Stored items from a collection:
<<<<
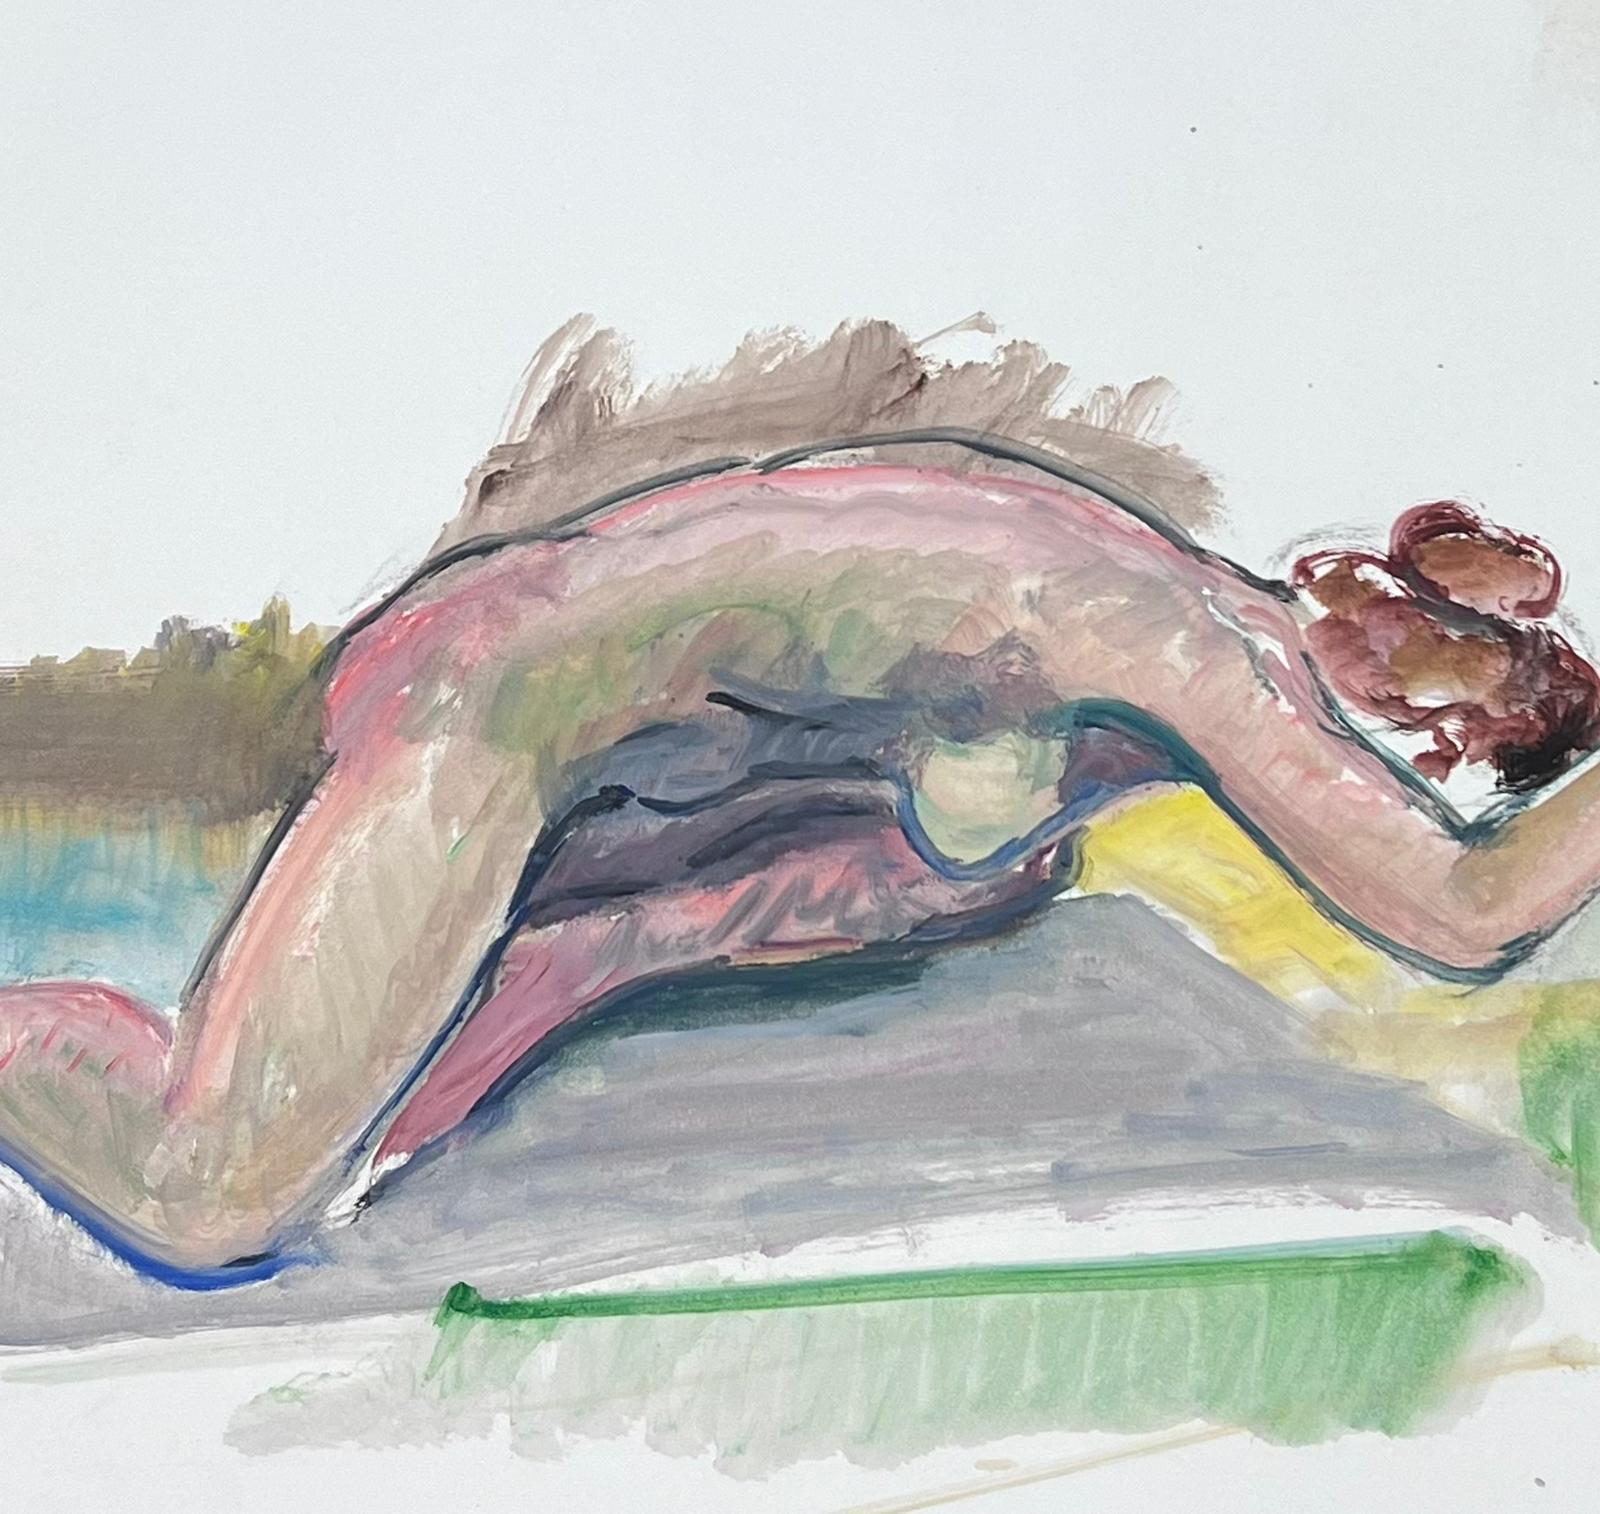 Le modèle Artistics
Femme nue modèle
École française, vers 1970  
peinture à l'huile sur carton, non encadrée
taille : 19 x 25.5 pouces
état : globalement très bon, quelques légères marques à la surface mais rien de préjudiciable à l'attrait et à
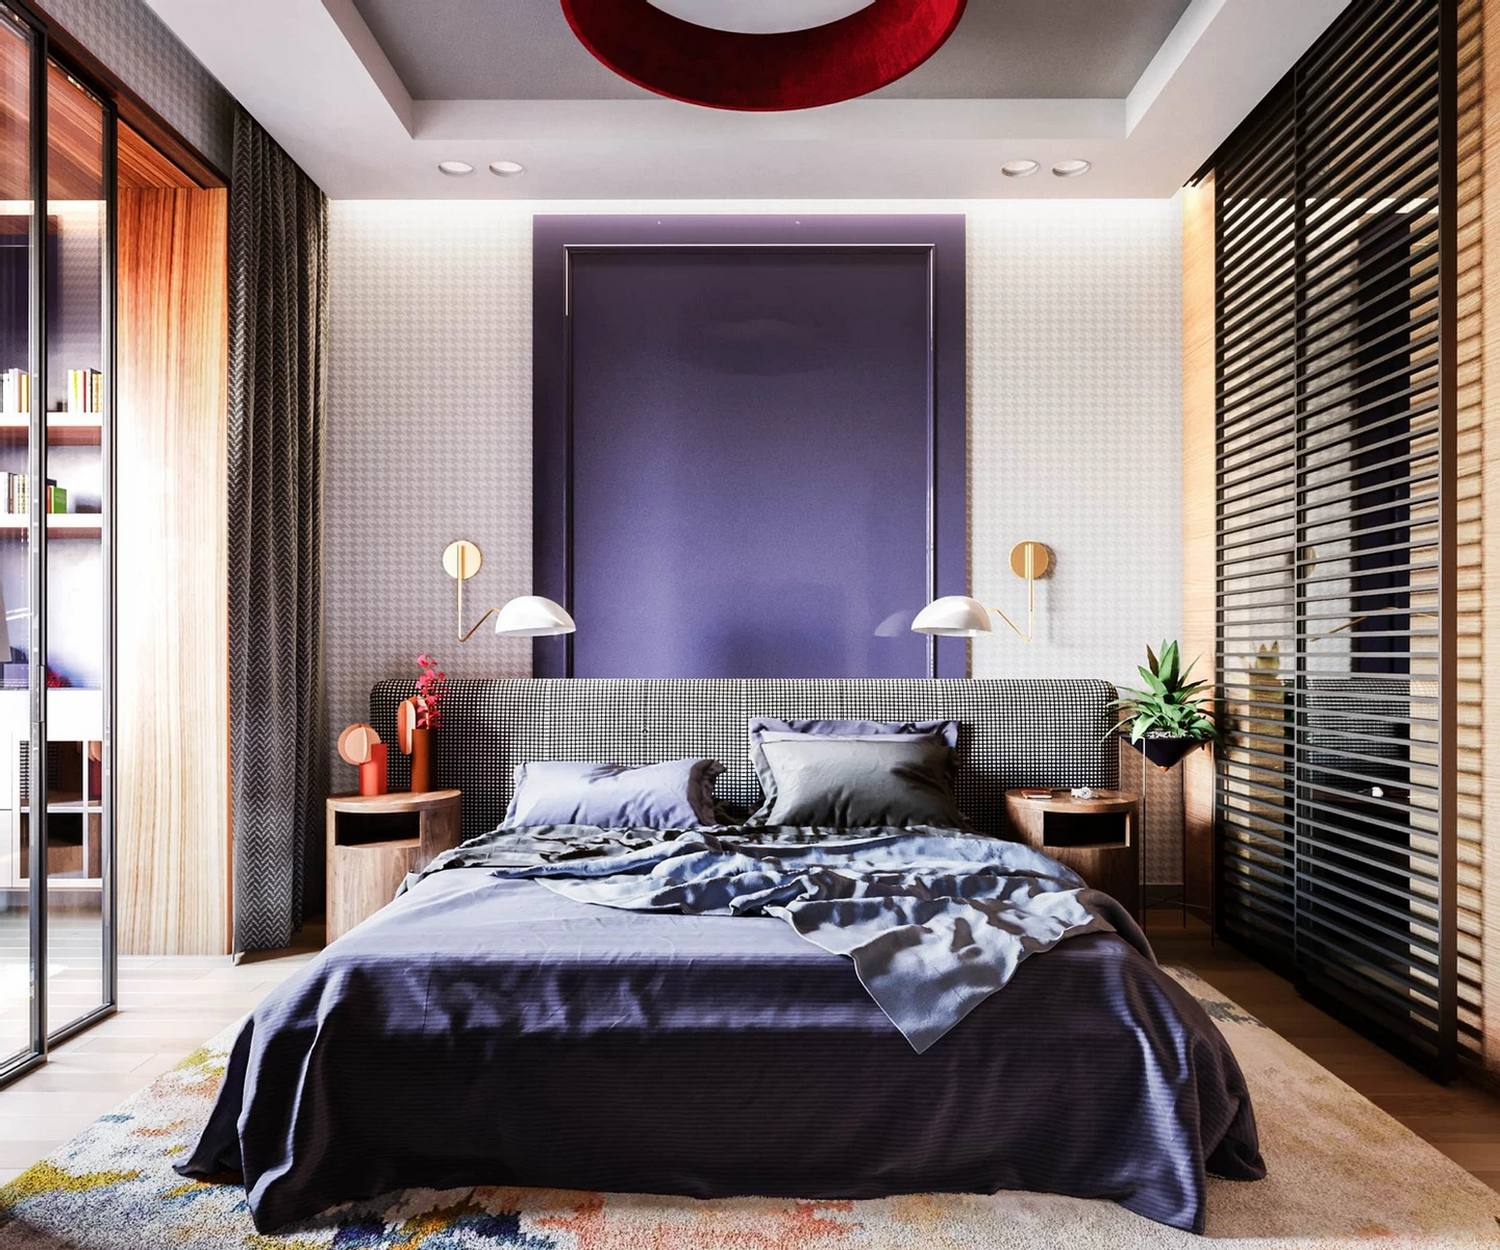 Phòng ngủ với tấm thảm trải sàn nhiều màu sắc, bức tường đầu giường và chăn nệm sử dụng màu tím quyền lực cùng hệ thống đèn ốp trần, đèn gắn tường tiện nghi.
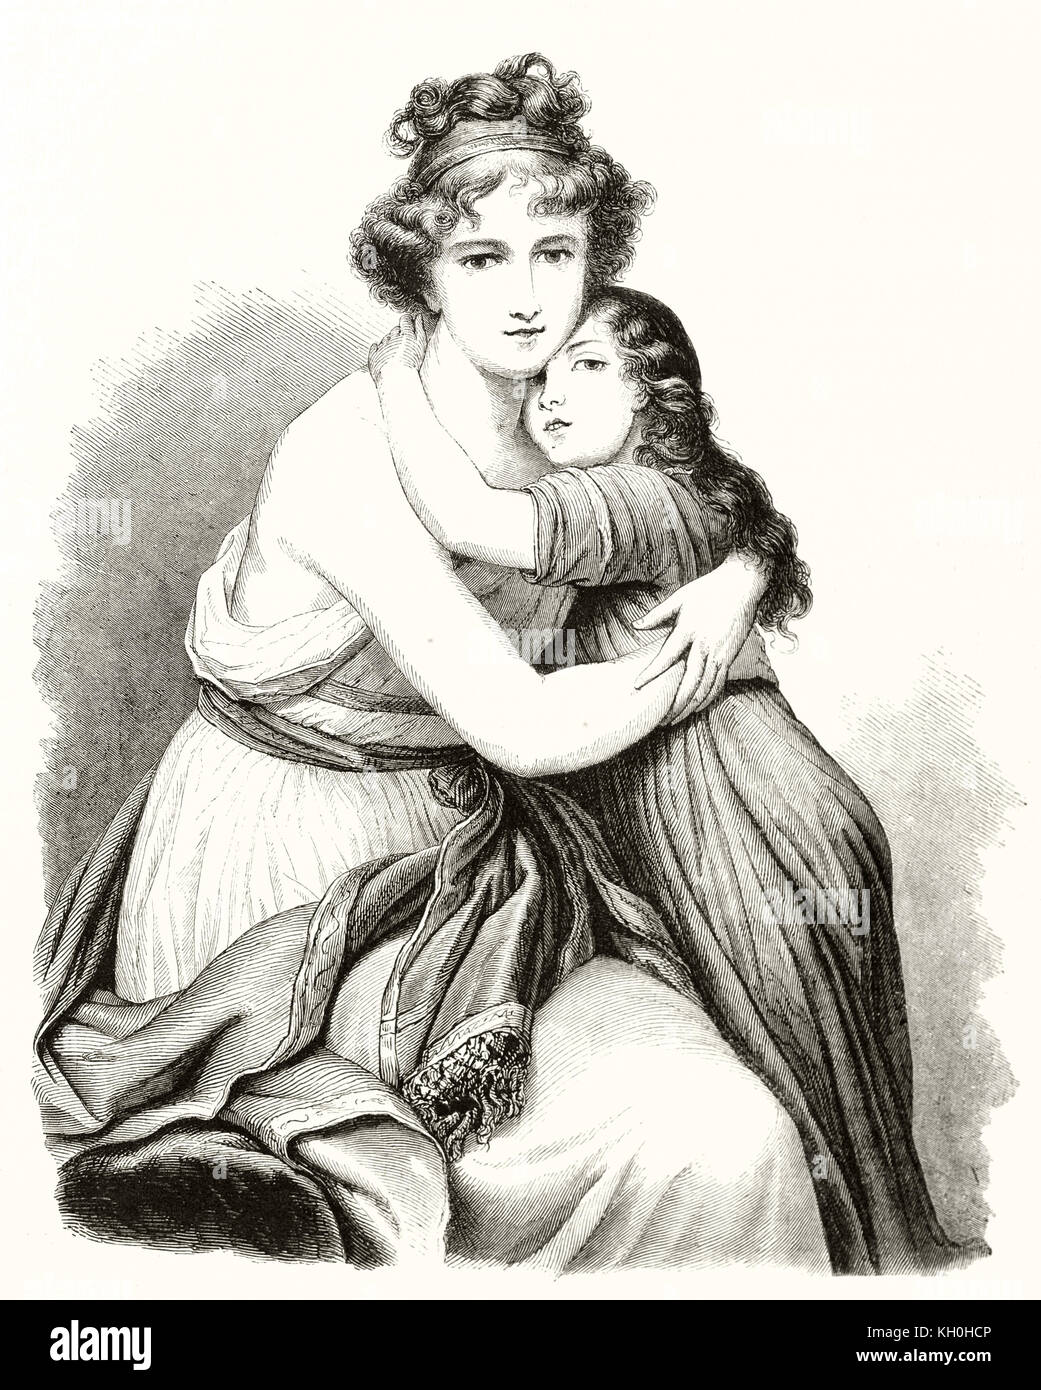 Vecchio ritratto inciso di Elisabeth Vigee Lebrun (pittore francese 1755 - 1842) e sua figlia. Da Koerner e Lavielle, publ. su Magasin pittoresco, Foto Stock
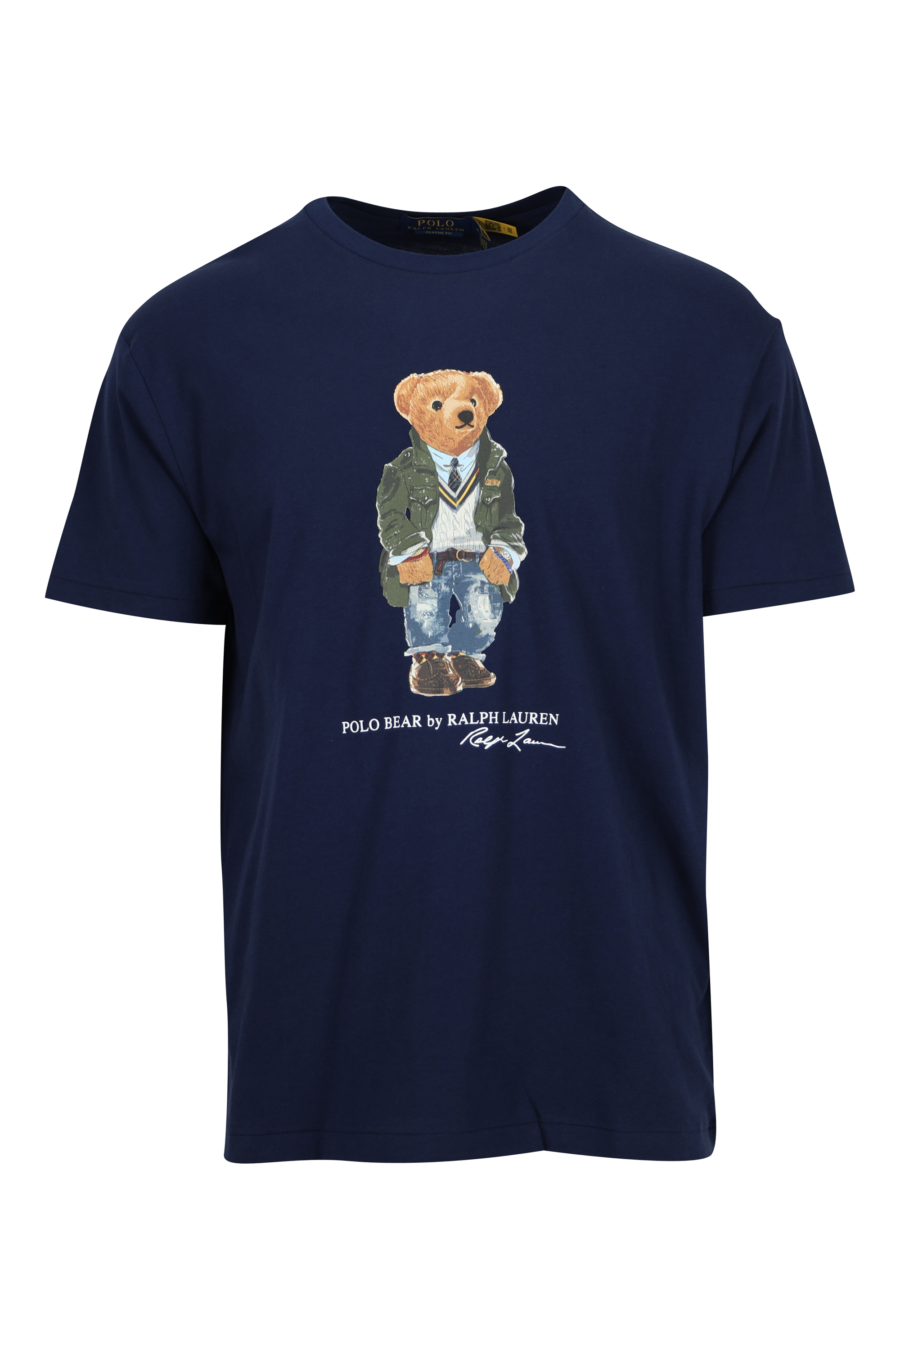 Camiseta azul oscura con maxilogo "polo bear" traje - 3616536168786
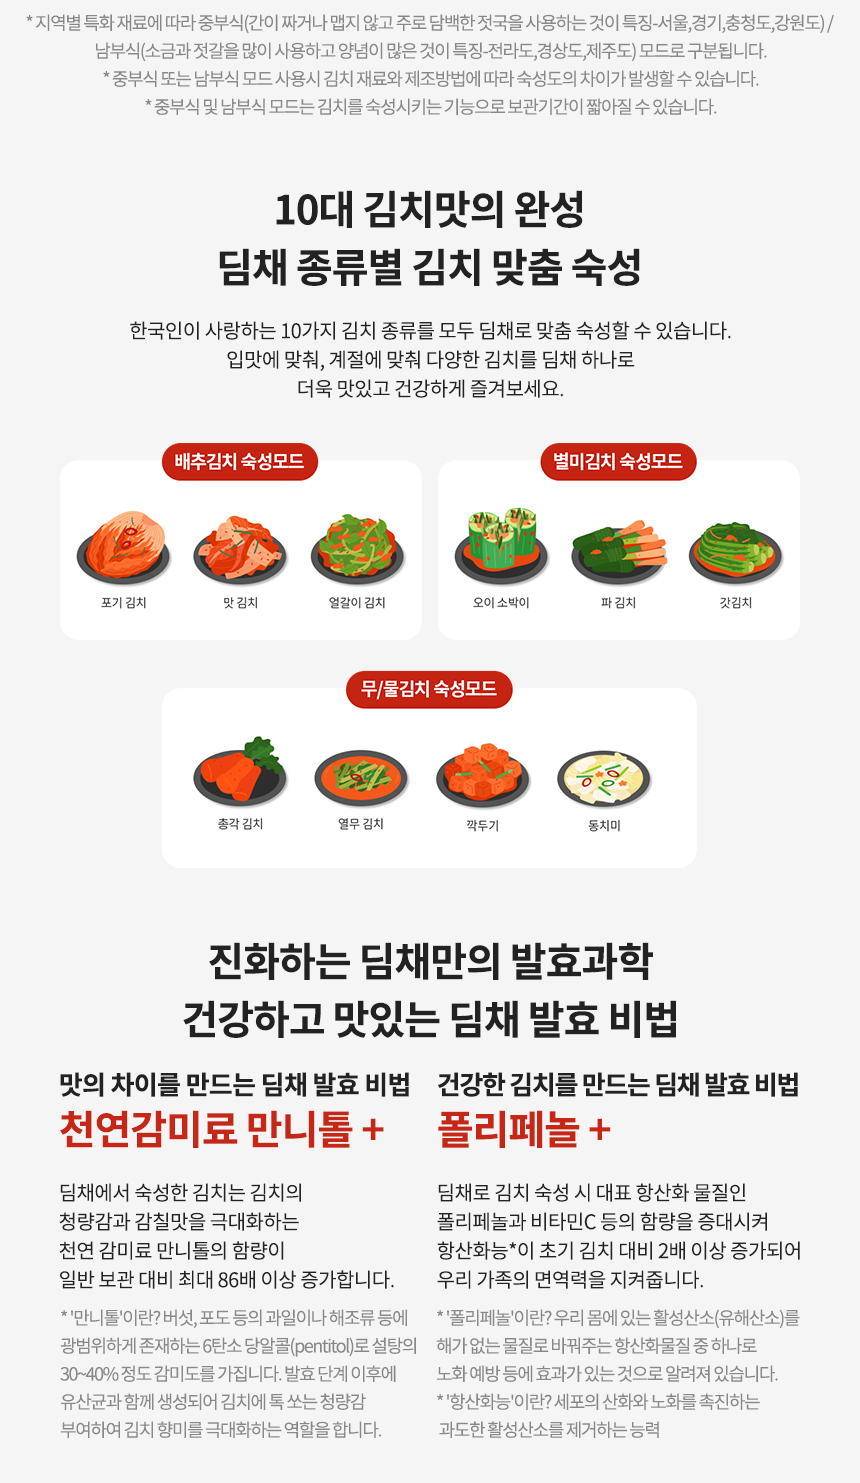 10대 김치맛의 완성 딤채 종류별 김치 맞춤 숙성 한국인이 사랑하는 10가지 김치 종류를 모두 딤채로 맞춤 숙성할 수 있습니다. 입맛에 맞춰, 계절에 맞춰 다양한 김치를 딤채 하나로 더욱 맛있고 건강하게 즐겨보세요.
>>>>
- _Exercise details_: Transcribe every entry exactly, leaving out the pictures.

- _Response_:
 Le modèle Artistics
Femme nue modèle
École française, vers 1970  
peinture à l'huile sur carton, non encadrée
taille : 19 x 25.5 pouces
état : globalement très bon, quelques légères marques à la surface mais rien de préjudiciable à l'attrait et à
 Phòng ngủ với tấm thảm trải sàn nhiều màu sắc, bức tường đầu giường và chăn nệm sử dụng màu tím quyền lực cùng hệ thống đèn ốp trần, đèn gắn tường tiện nghi.
 Vecchio ritratto inciso di Elisabeth Vigee Lebrun (pittore francese 1755 - 1842) e sua figlia. Da Koerner e Lavielle, publ. su Magasin pittoresco, Foto Stock
 Camiseta azul oscura con maxilogo "polo bear" traje - 3616536168786
 10대 김치맛의 완성 딤채 종류별 김치 맞춤 숙성 한국인이 사랑하는 10가지 김치 종류를 모두 딤채로 맞춤 숙성할 수 있습니다. 입맛에 맞춰, 계절에 맞춰 다양한 김치를 딤채 하나로 더욱 맛있고 건강하게 즐겨보세요.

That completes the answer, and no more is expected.